Task goal
Exact copy, no pictures: output each line below as it stands.

Raw data
>>>>
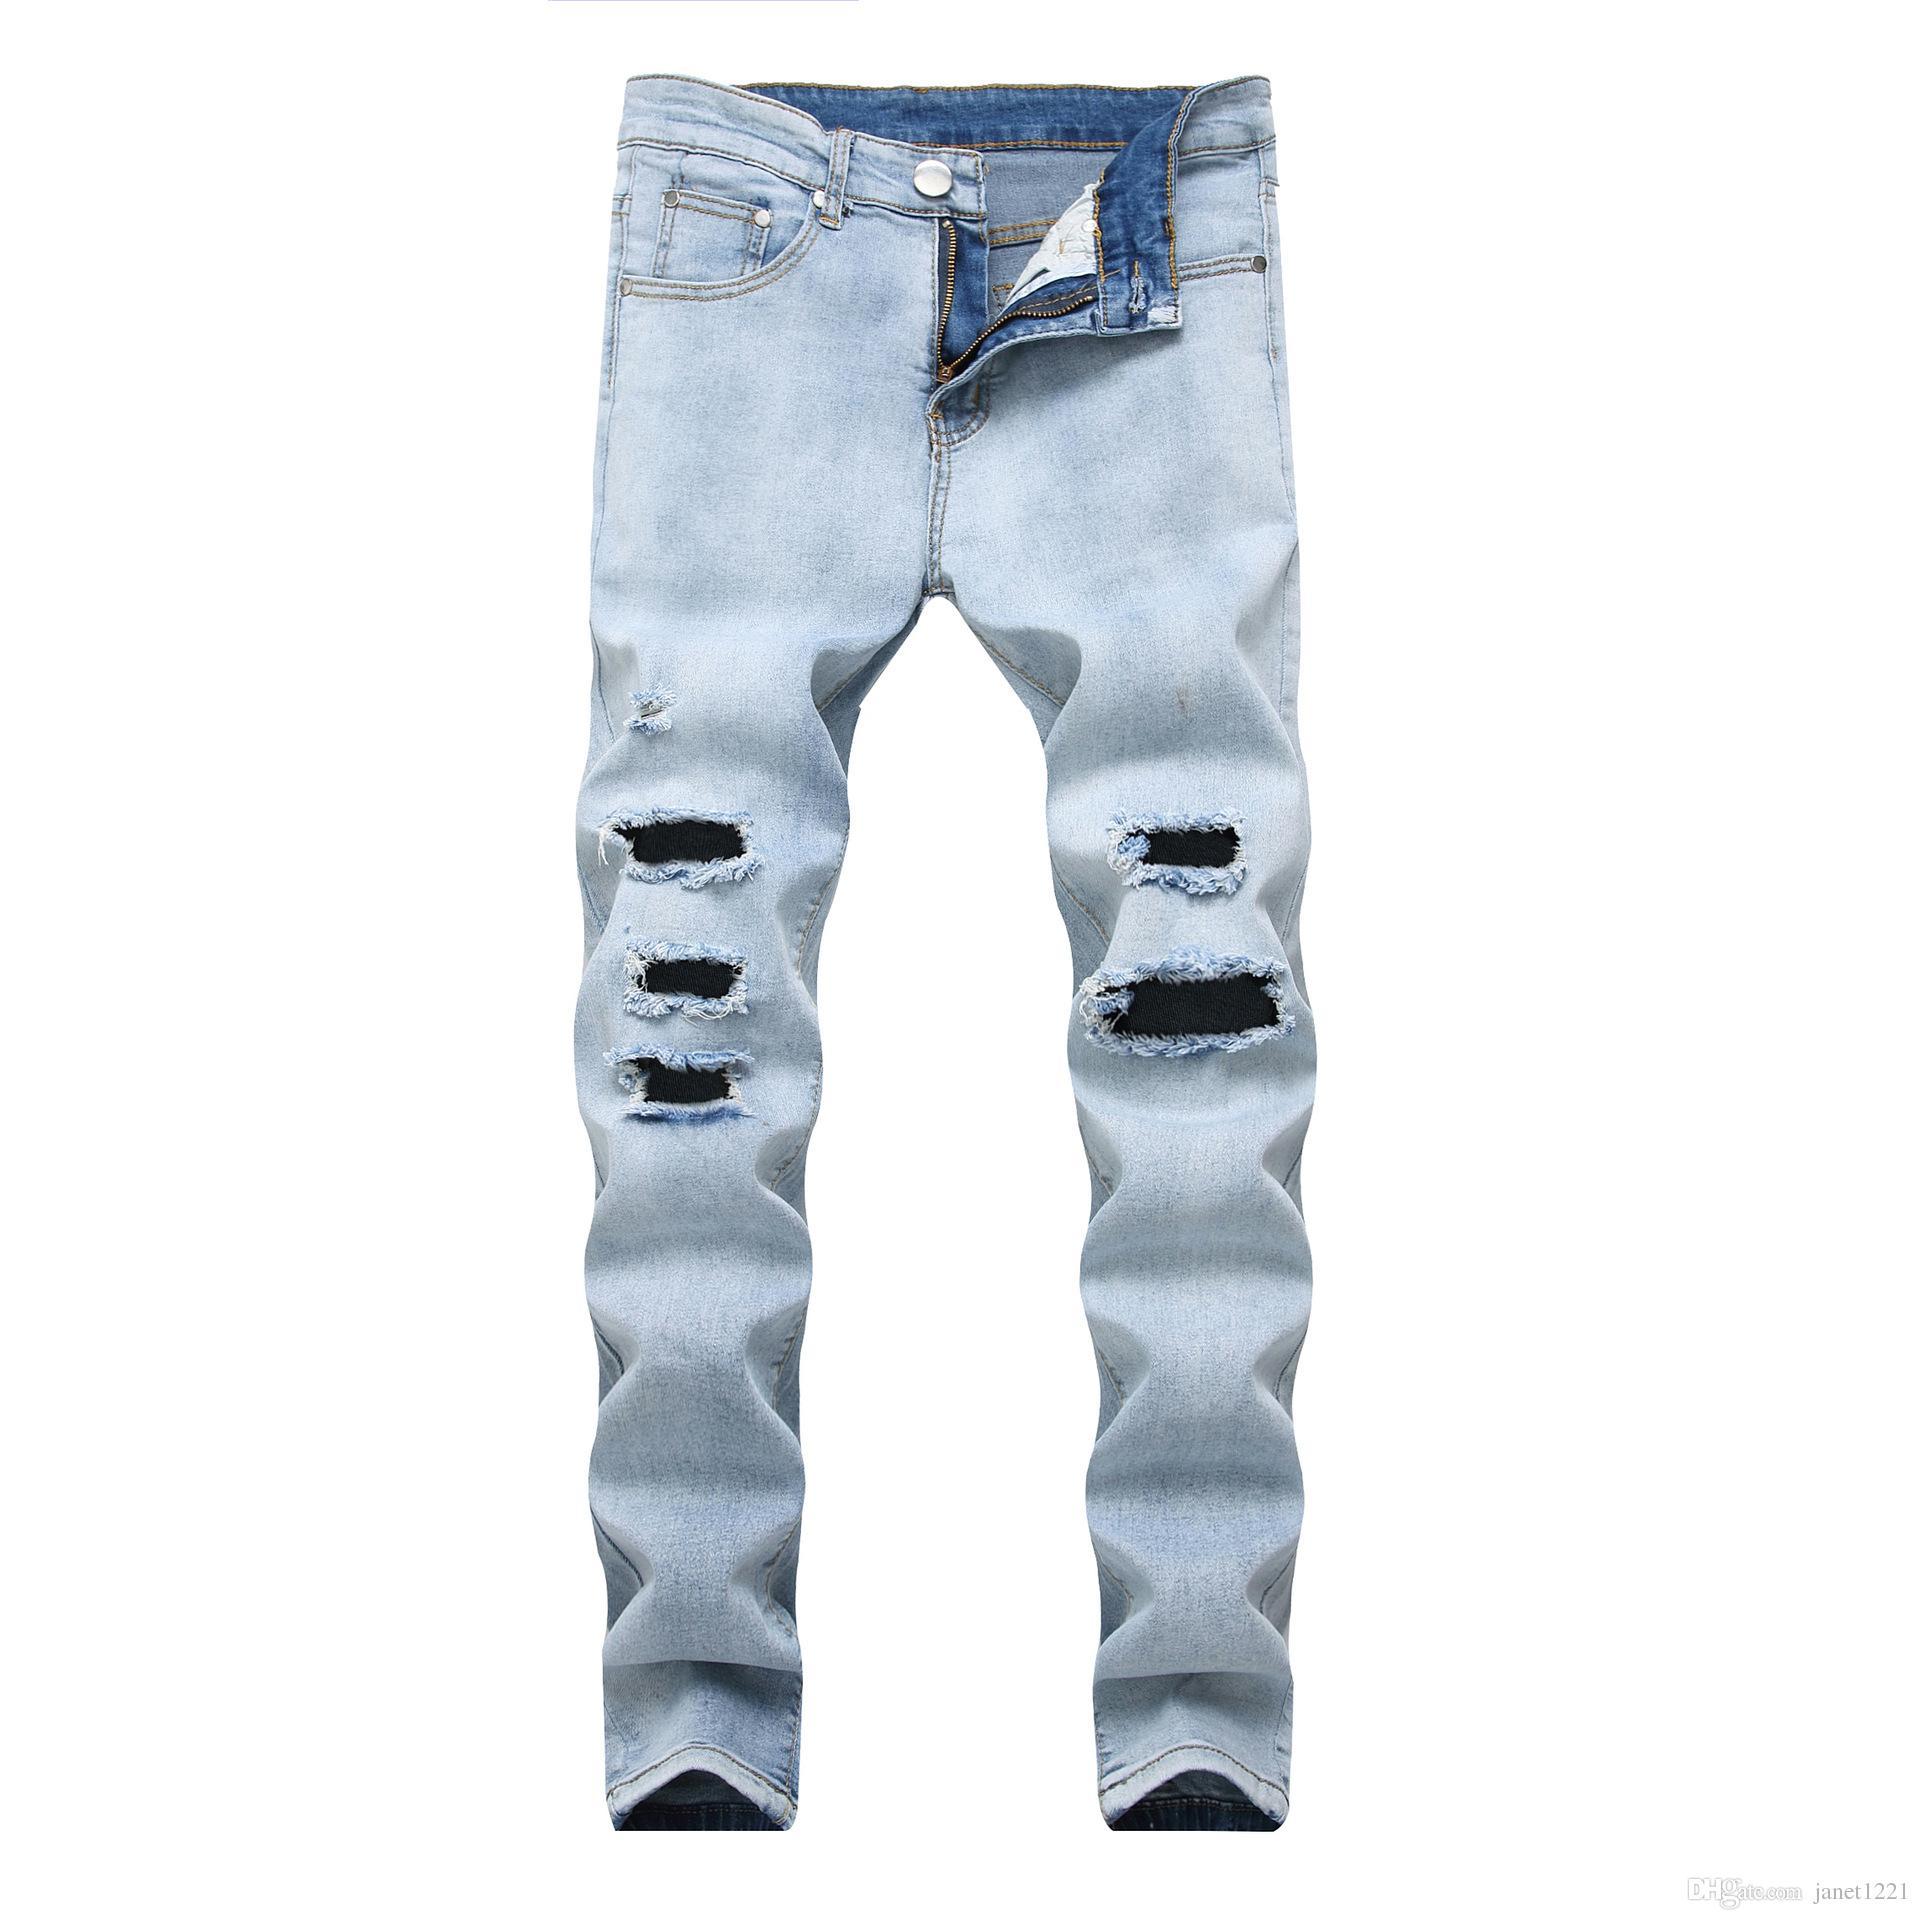 0b0ff4116 Sky Blue Ripped Jeans Hombres Otoño Marca Hip Hop Para Hombre Skinny Jeans  Homme Slim Fit Biker Jeans Pantalones J180719
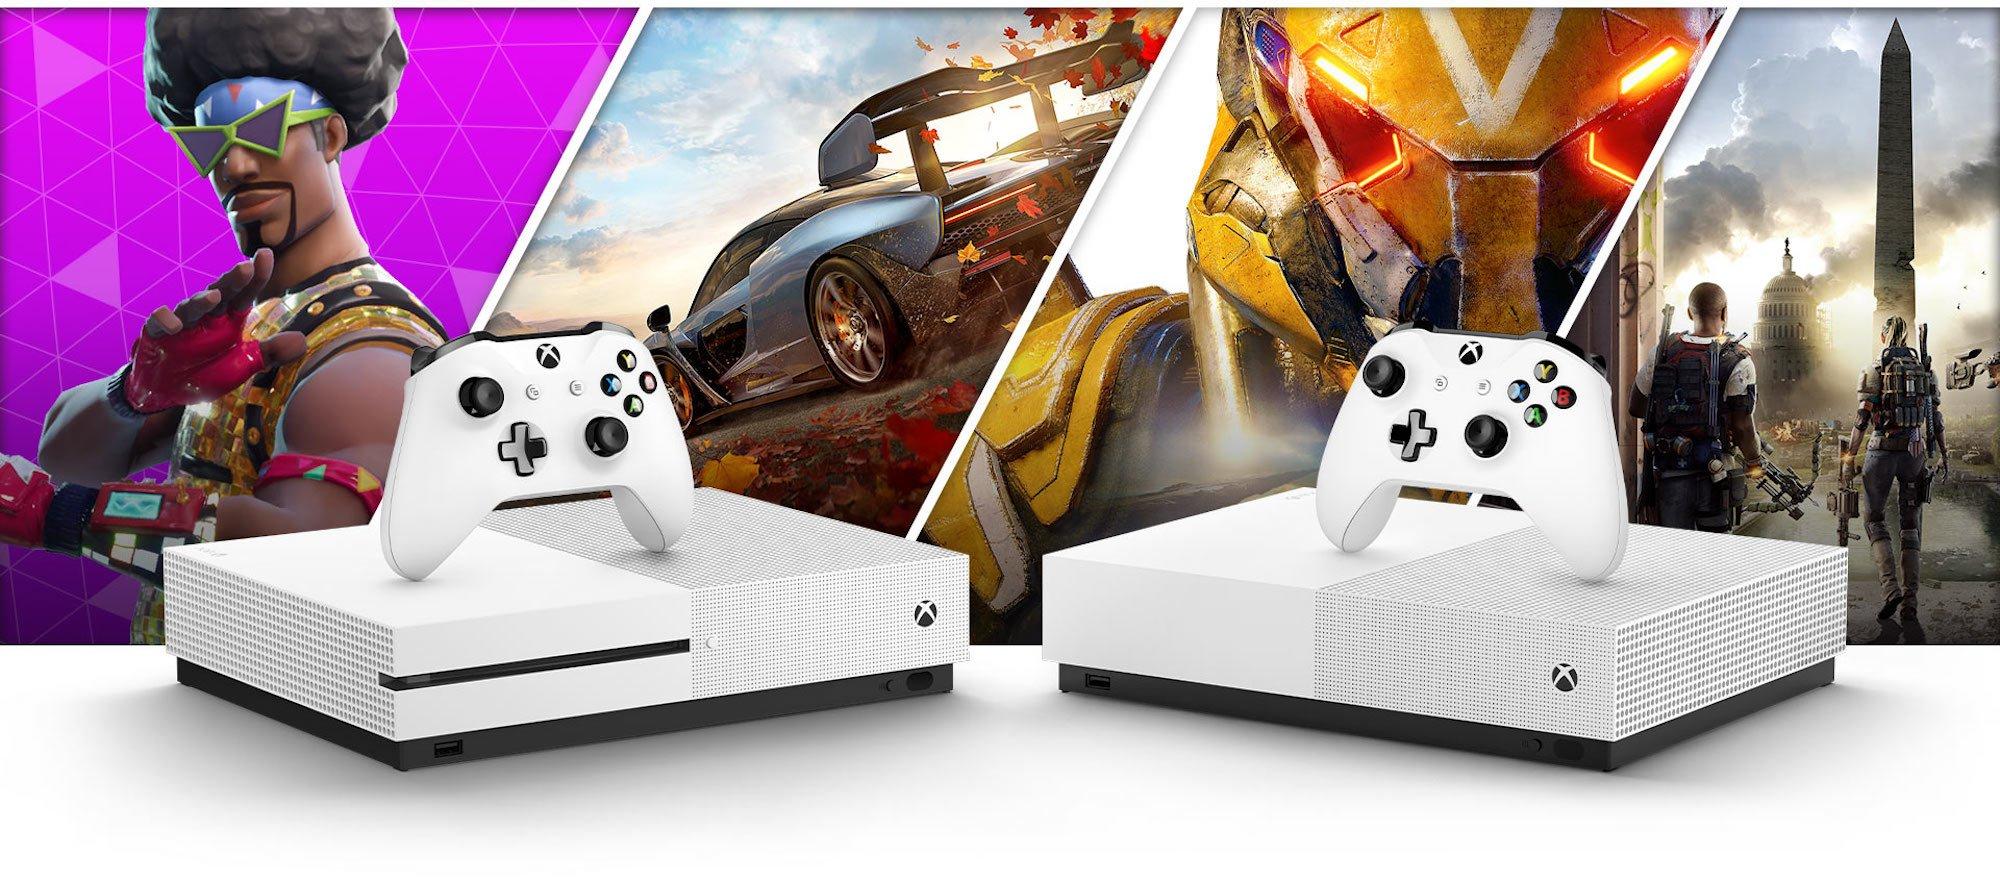 Xbox One S All-Digital
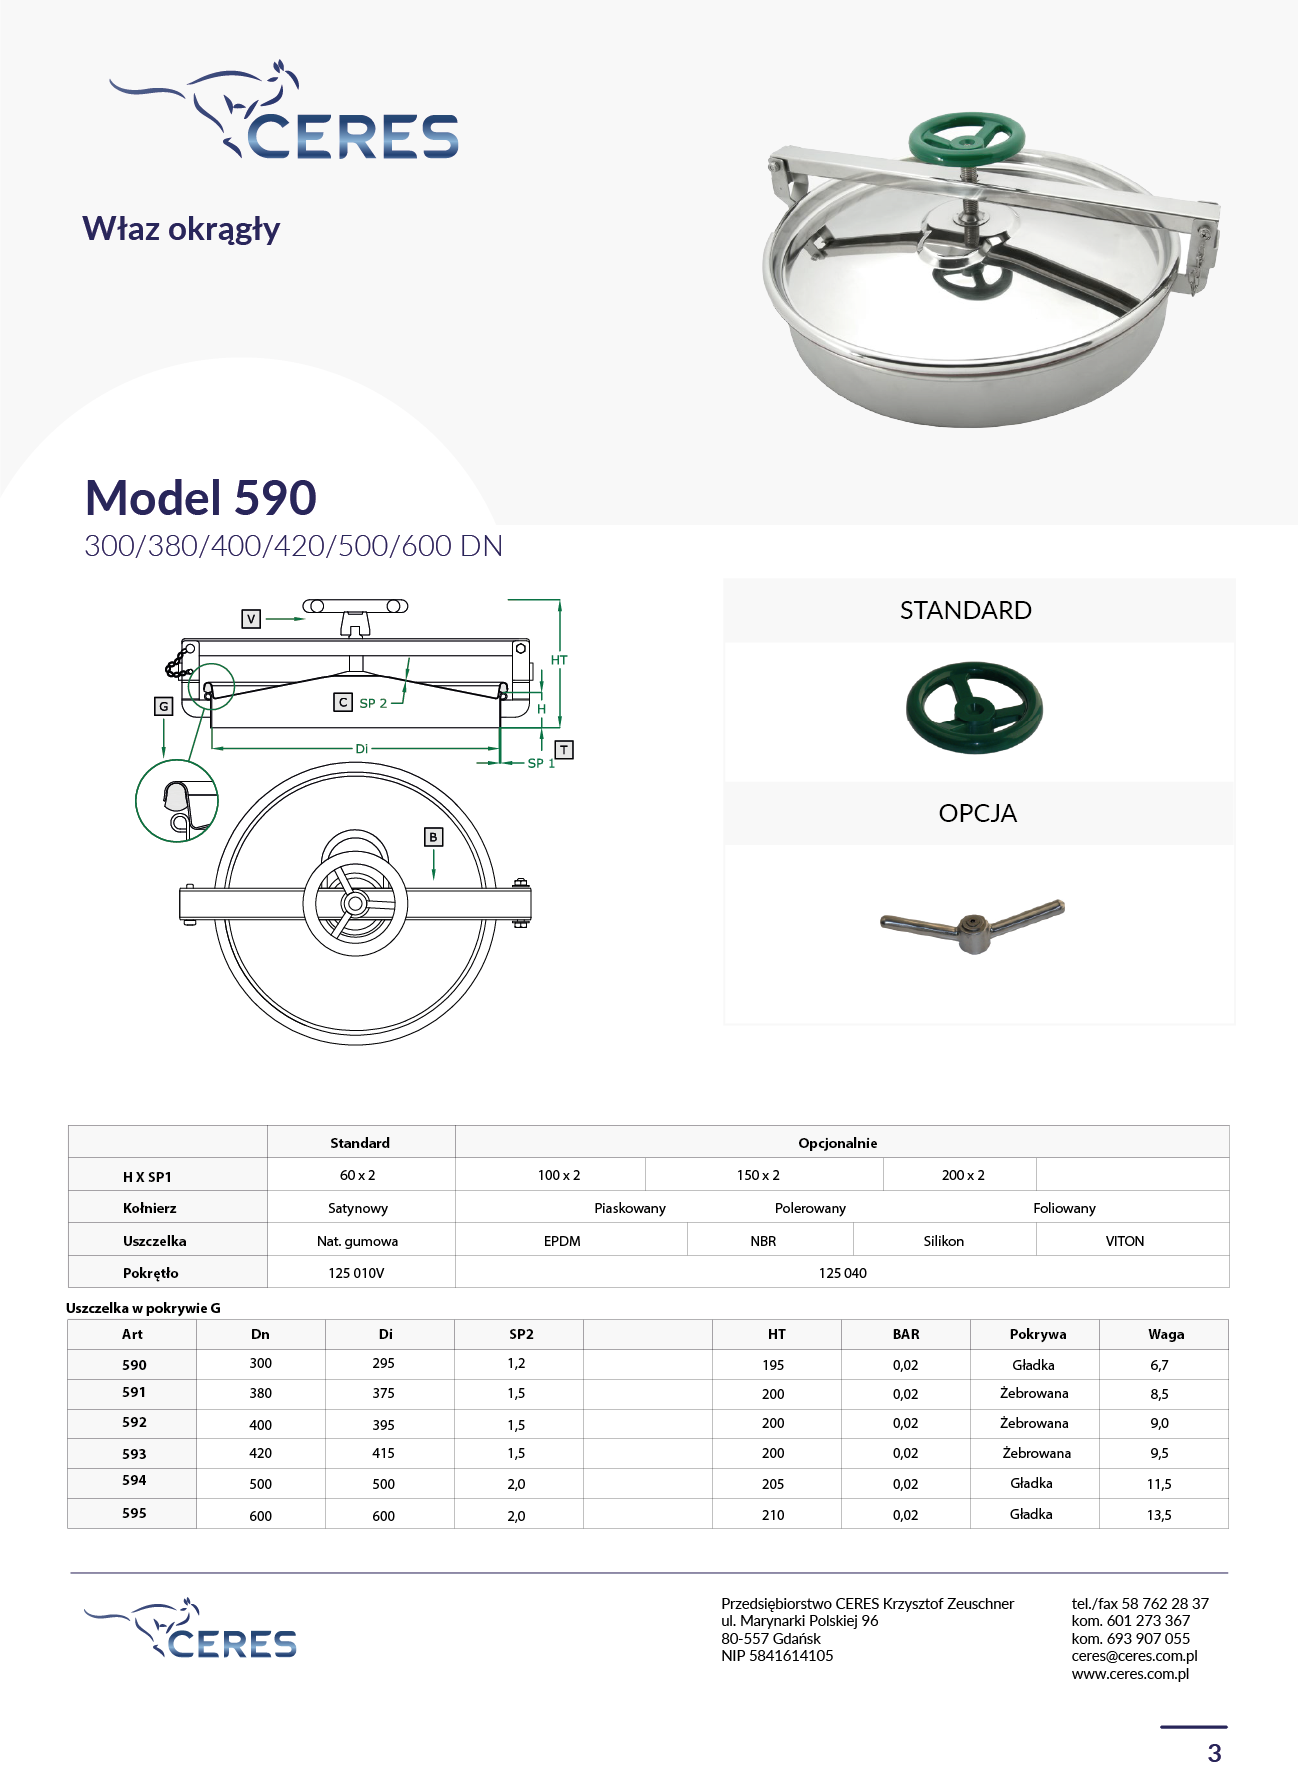 MODEL 590
<<<<
Answer section
 0b0ff4116 Sky Blue Ripped Jeans Hombres Otoño Marca Hip Hop Para Hombre Skinny Jeans  Homme Slim Fit Biker Jeans Pantalones J180719
 Xbox One S All-Digital
 MODEL 590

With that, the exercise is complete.